Strategy B: development of dominant negative inhibitors and transgenic animals
A relatively unexplored possibility for the development of specific inhibitors of gap-junctional function would be a study that focuses on the cooligomerization of different connexins into heteromeric connexons and intercellular channels, cis interactions between connexins in the formation of intercellular channels, if they exist, offer the possibility of developing dominant negative constructs that would be of great value in specific knockout of gap junction function. Indeed, it might be feasible to design a dominant negative specific for each connexin, such that the meaning of the overlapping distribution of different connexins could be functionally understood. Design strategies would be to combine sequences between two connexins that are unable to pair in trans, such as Cx43 and Cx40, to create a single chimeric molecule capable of physically, but not functionally, interacting with one or both of the parental connexins. An interacting but non-functional connexin might also be designed by selectively deleting or mutating highly conserved regions common to all connexins (Dahl et al., 1992). Once developed, these dominant-negative connexins, under the control of tissue-specific promoters, could be used to construct transgenic animals for functional studies, where a given connexin is ablated in a specific tissue at a defined developmental time.

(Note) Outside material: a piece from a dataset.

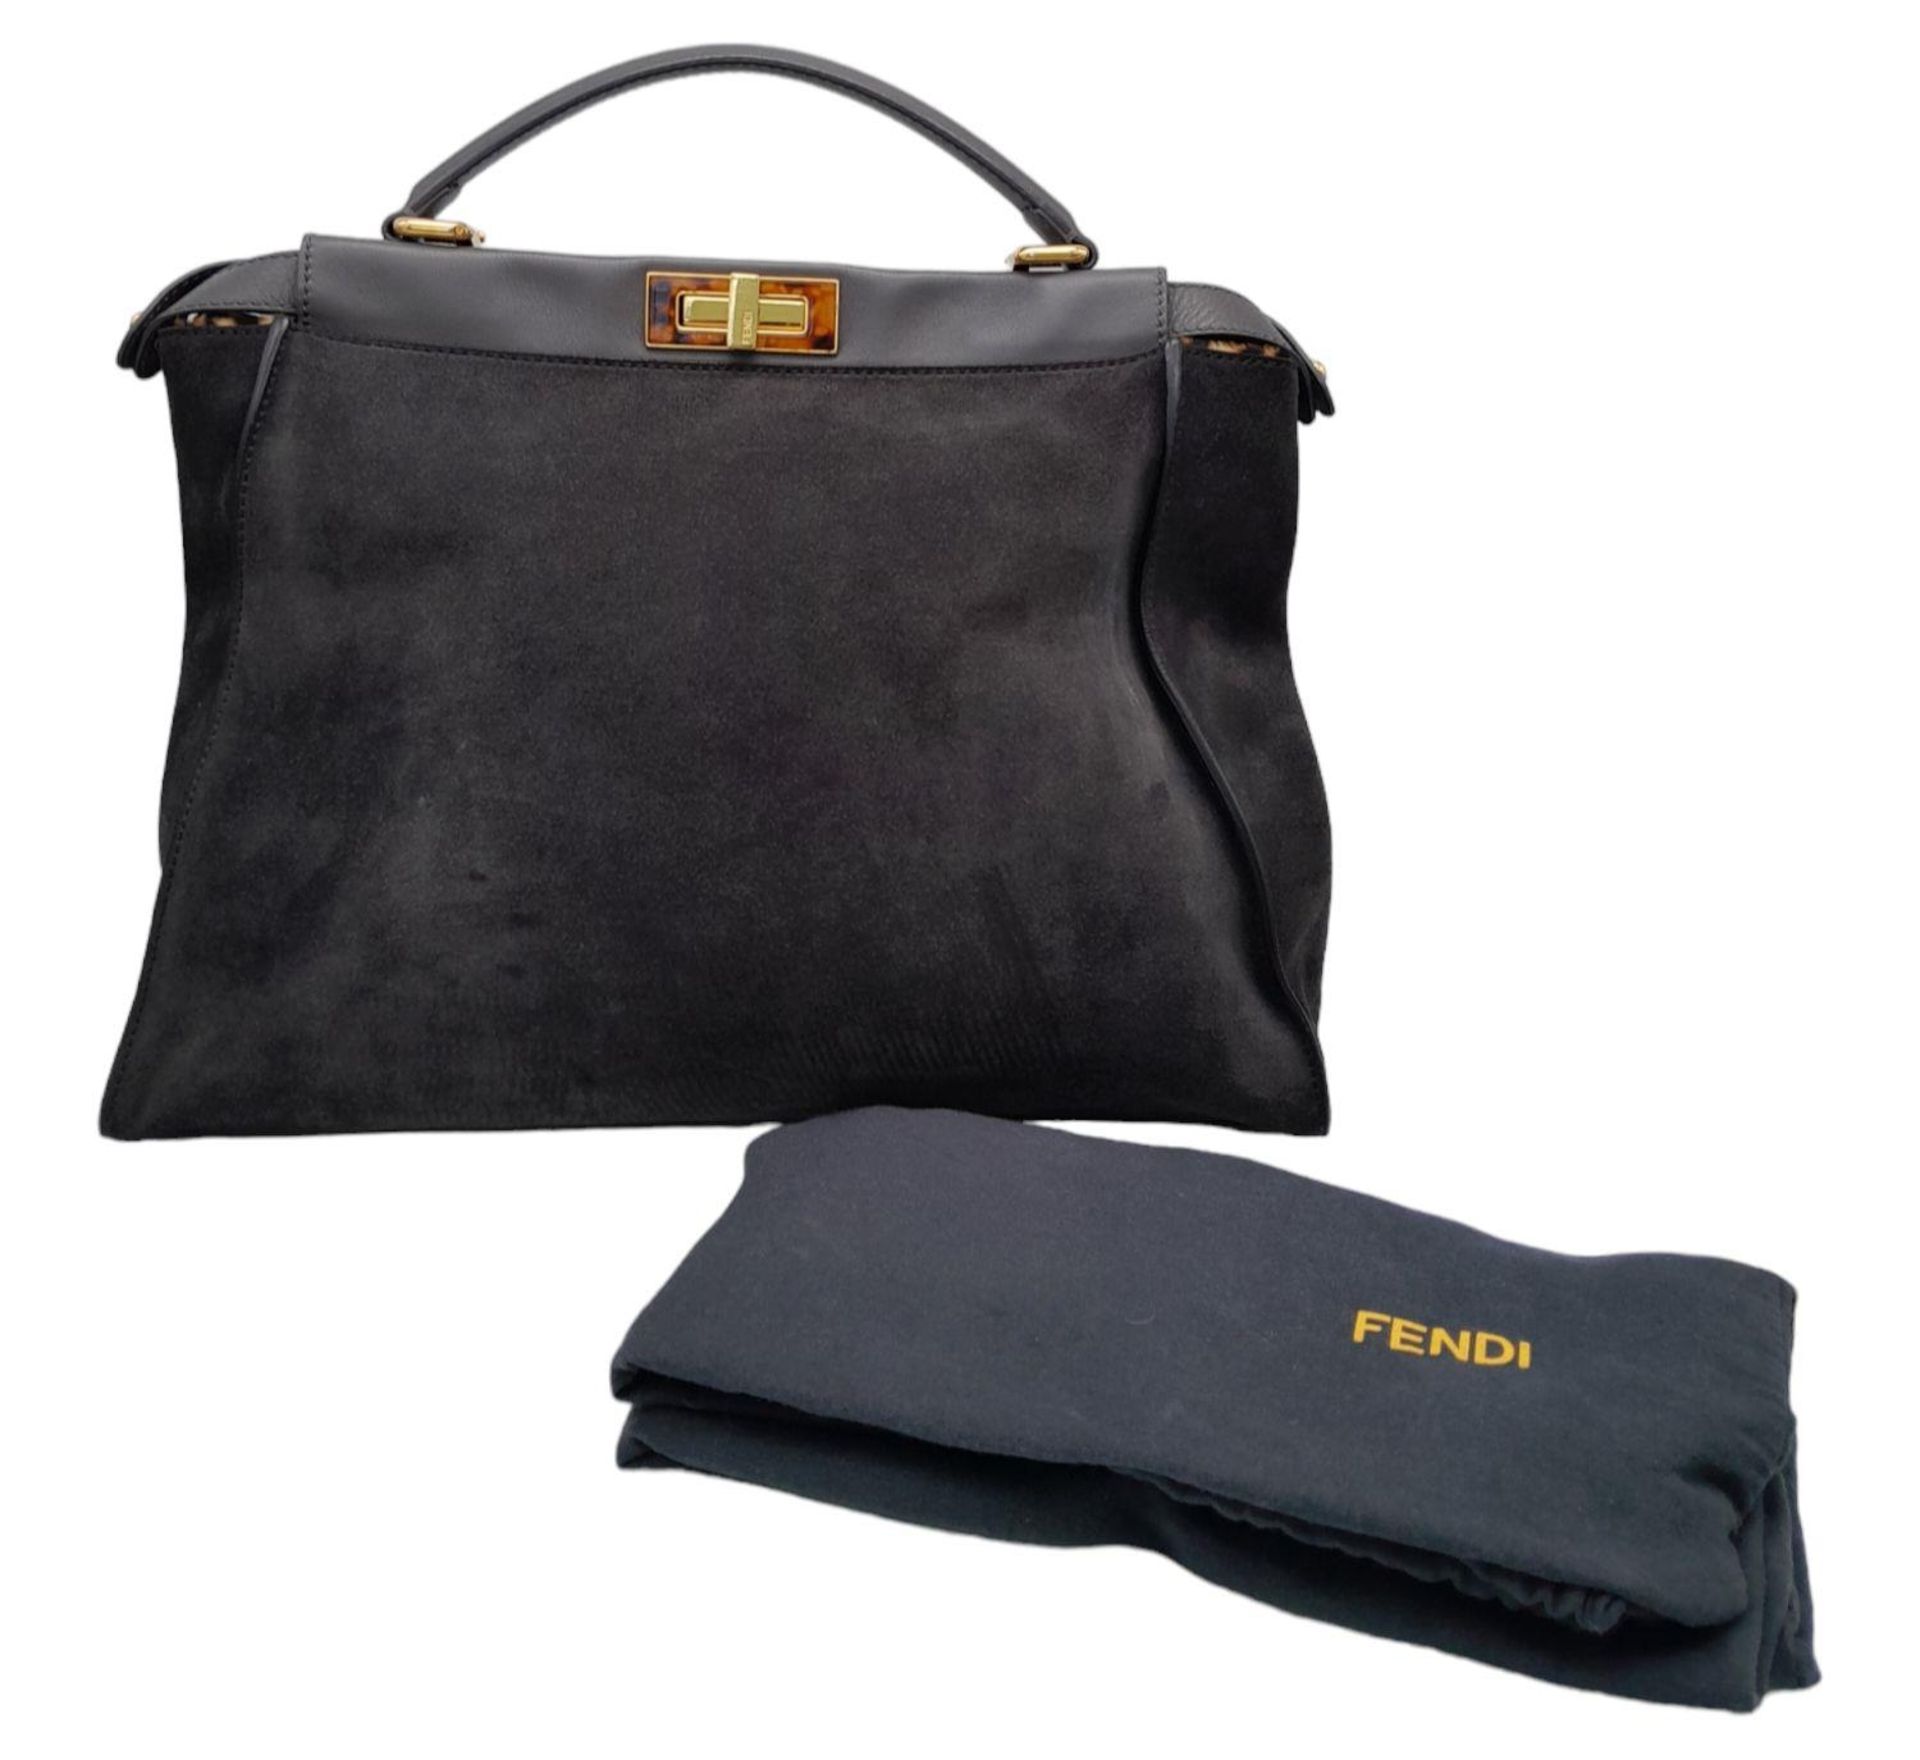 A Fendi Grey Peekaboo Bag. Suede exterior with leather trim, single leather handle, gold-toned - Bild 3 aus 9

Alternatively, the single-copy connexin genes (Willecke et al., 1990; Hsieh et aL, 1991; Haefliger et aL, 1992; Hennemann et al., 1992a,b) could be ablated by homologous recombination, denying expressing of a specific connexin in all its developmental and tissue locations.
CONCLUSION
The application of molecular biological methods to the study of intercellular communication via gap junctions has revealed a number of single-copy genes that code for the connexins, a family of oligomeric integral membrane proteins. The cloning of a large number of these genes has opened up the possibility of using genetic strategies to specifically interfere in gap-junctional communication, including development of transgenic animals with individual connexins knocked out by homologous recombination, or of transgenics engineered with connexin-specific dominant negative constructs driven by tissue-specific promoters. The design and interpretation of such experiments will, however, have to take into account several of the complexities of gap junction structure and functional regulation discussed above. First, connexins show a complicated, overlapping tissue and cellular distribution, such that knocking out a specific connexin may well leave cells functionally coupled by other members of the connexin family. Second, knockout of a widely distributed connexin such as Cx43 is both a potentially lethal event and experimentally complex, since this connexin is found not only very early in development (Barron et al., 1989; Nishi et al., 1991; Yancey et al., 1992) but also in a myriad of different tissue locations (Kadle et al., 1991; Ruangvoravat and Lo, 1992), under different regulatory control in different cell types (Risek et al., 1990). As a further complication to the understanding of gap junction function, the degrees to which different connexins assemble into heteromeric connexons, and different connexons into heterotypic intercellular channels, are not yet fully known. Furthermore, genetic approaches do not address the fact that gap junction function can be regulated post-translationally. Despite these complexities, it is anticipated that genetic manipulation of the expression of specific connexins will serve as a powerful tool to elucidate the functions of individual connexins in tissue business.